第140話 結局は金で何とでもなる世の中
「左倉国立病院……でも、国立病院でしょ?ああいったところって私立病院と違って移植施設を長期に予約するなんて無理なんじゃないですか?」
そう言いながら誠は端末に写ったいかにも立派そうな病院の姿を見ていた。
「そうでもないさ、この国の官僚はあまり賄賂を受け取らない……しかし、それは『あまり』であって『絶対に』ではないんだよ。君もよくこの国で役所の横領や国会議員の汚職のニュースを目にするだろ?それはこの国のメディアがある意味優秀だからだけれど、彼等も万能ではないんだ。だから見つかるのはあくまで氷山の一角……そう言う僕も甲武国の国益を守るという名目でこの国の大臣やら高級官僚やらから情報を引き出した経験は何度かある……その時は彼等は平然と甲武の汚職役人の数倍の金を要求してきたよ。賄賂に危険が伴うならそれなりの金額を出せ。それがこの国のルールさ。当然、その出先機関にもその法則が適応されると考えるべきだろうね」
かえでは笑いながらさも当たり前のようにそう言った。
「この国でもそうなんですか……以前、かえでさんは甲武の今のかえでさんのお父さんの周りの人達も表面だけお父さんの理想に共鳴しているように見せてるだけで本当はお金が欲しいだけなんだって言ってましたよね。結局、そう言う意味では地球人も遼州人も変わりがないんですね」
誠は少しトラウマとなっている格好でかなめがやって来た恥ずかしい初デートの中で唯一のいい思い出である理想を語るかえでの姿を思い出してそう言った。

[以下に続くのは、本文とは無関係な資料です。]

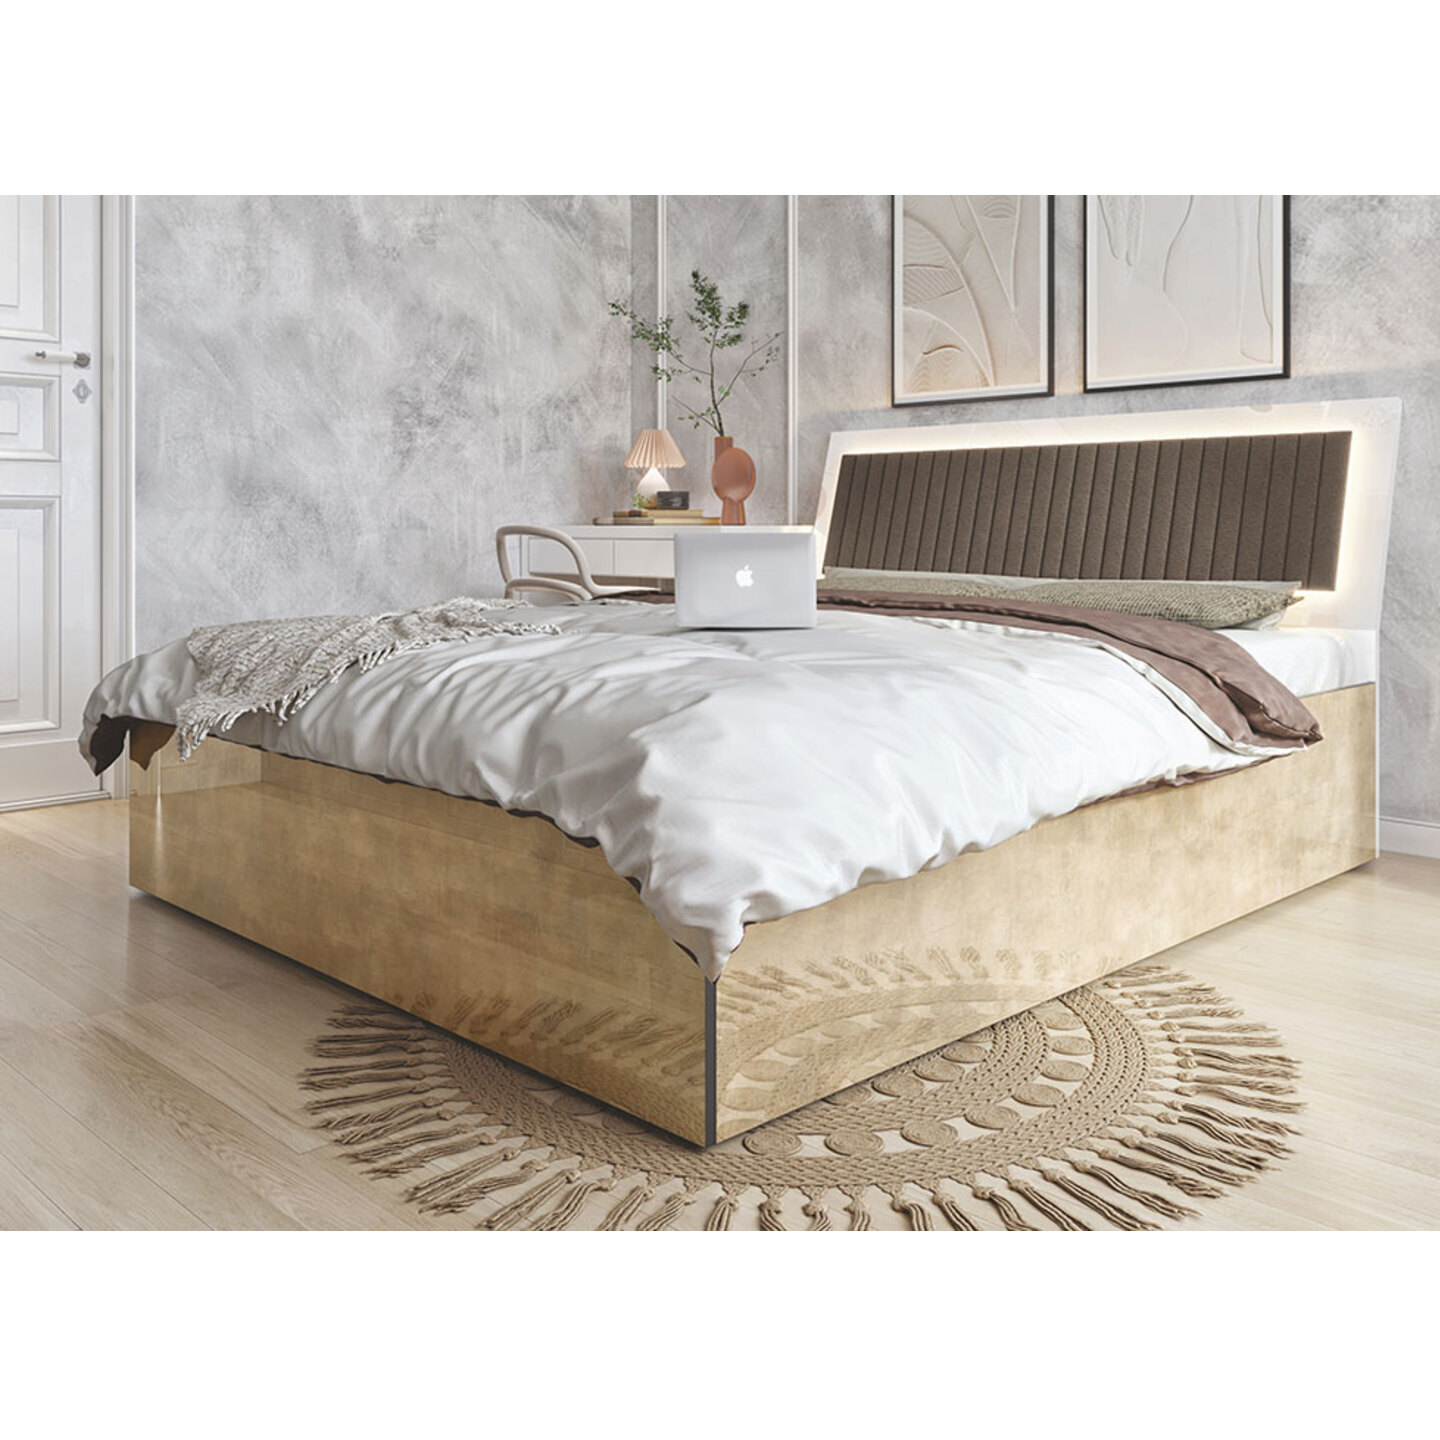 RLF King Size Bed 78"x72" Neon In Brown Colour

「そんなものさ。君が苦手な文系科目だが、社会に出ると経済学が一番重要な学問だと嫌でも思い知らされることになるものだよ。経済が法律を変え、経済が社会を変え、経済が文化を変え、経済が戦争を起こす。元々、地球人は自分が生きるのに便利なように貨幣を開発しそして経済が生まれたはずだった。経済は道具だったはずなんだ。しかし実情は違う。経済が人を活かしているのではなく、人は経済の為に生きる。経済的に不要な人間はその経済のシステムから弾き飛ばされて死ぬしかない。残酷だけどそれが現実だ。もし君がそれがどうしても間違っているというのなら遼帝国にでも行くしかないね。あそこはまだ貨幣経済を導入していない。今の宰相の地球人であるアンリ・ブルゴーニュは経済発展を訴えているが、皇帝がそのすべての提案を却下している。あの国は意地でも経済を受け入れない……経済の無かった遼州人1億年の歴史を曲げるつもりは今の皇帝には無いんだよ」
そう言って笑うかえで。誠はその皇帝が月3万円の男である嵯峨であることを知っているだけに苦笑するしかなかった。